On 26/02/13 20:41, Paul Colomiets wrote:
The problem with that is auto-reconnect. Subscriber sends a lot of subscriptions, more that the producer is able to accept. It is not processing them, so TCP pushback happens. Subscriber sees that the subscription stream is stuck and disconnects the peer. The producer tries to reconnect and immediately gets hit by a subscription storm. As so on ad infinitum. That's why I've written "if connection does no progress". I mean disconnect if no bytes where sent for 10 seconds, or something like that. It means that any number of subscriptions can be sent, even if it would take minutes to upload them. I think in all realistic situations (up to thousands subscriptions in up to few seconds) it will work. There is an edge case, when you create new subscriptions in the tight loop, and publisher can't keep up with it.
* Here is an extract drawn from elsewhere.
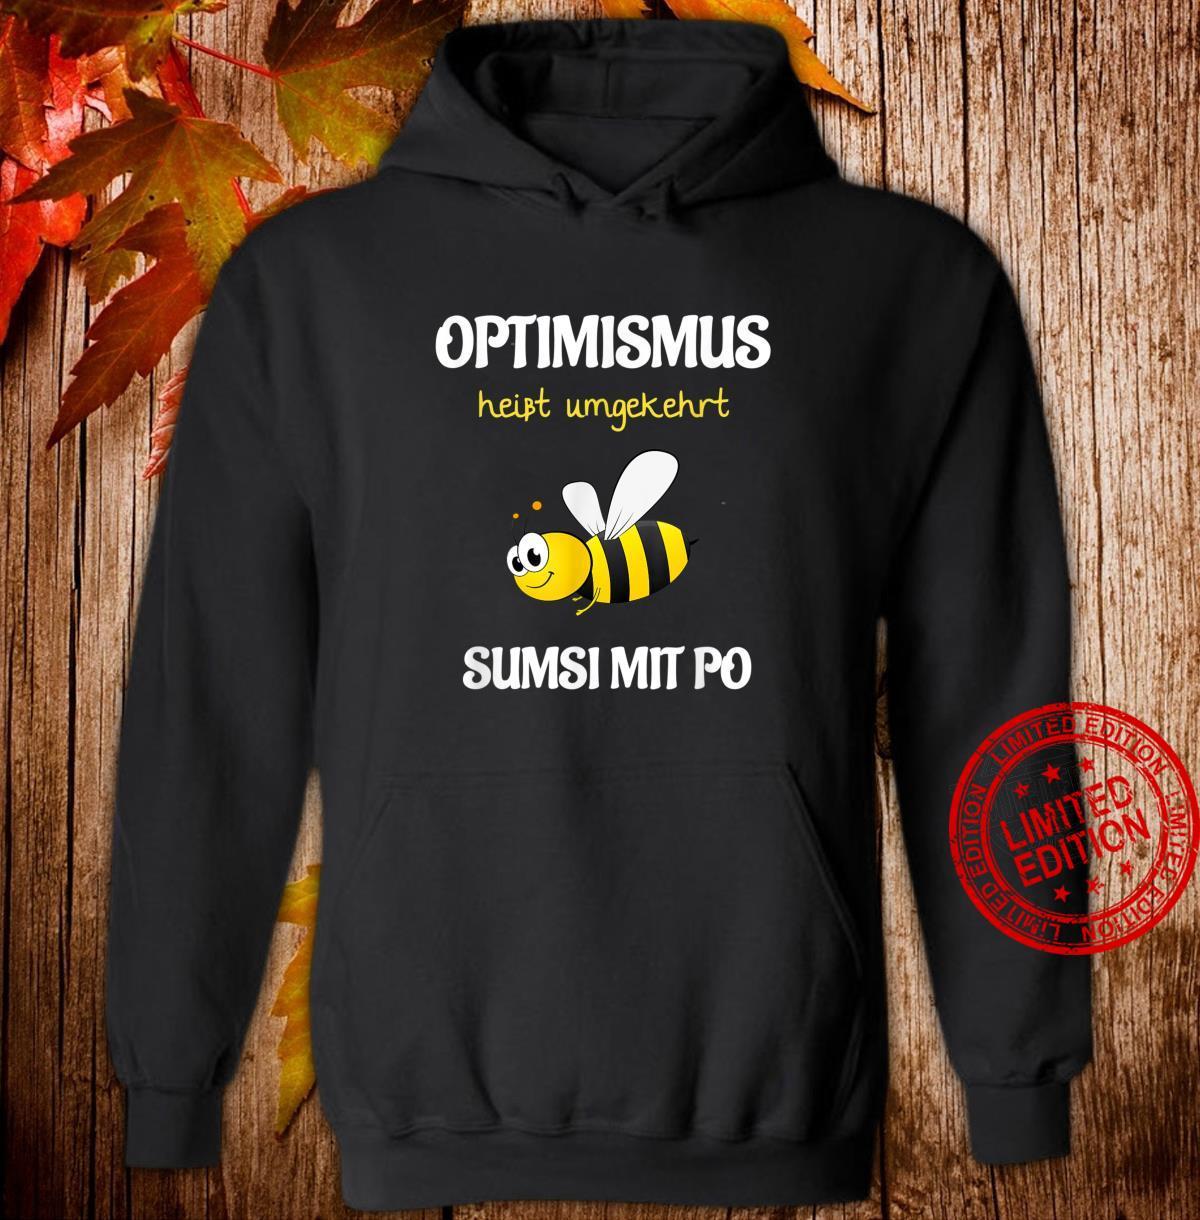 TShirt with Bee Design Optimismus Funny and Sumsi with Bum Beekeeper [German Language] Shirt hoodie

But I don't think it's a situation that's need to be taken care of.
It's a single problem IMO. It can be formulated like this:"Given limited tx buffer (whether in kernel or in user space) what should be done when it gets full and user still wants to send new subscription."
Btw, speaking of realistic situation, I've just spoke to guys who are handling 130,000,000 subscriptions in ZeroMQ :)
Anyway, the problem can be split into 2 parts: 1. How to manage pushback. 2. What to do when it can't be managed any more.The options for the first are either relying on TCP (problem occurs when tx buffer limit is hit) or building a rate limiting algorithm on top (problem happens when the rate limit is exceeded) -- the latter being basically what you are proposing.
I would say that both are functionally equivalent (ie. the problem occurs when too much data is sent in too short a time) the only difference being that implementing rate limiting requires more work to be done.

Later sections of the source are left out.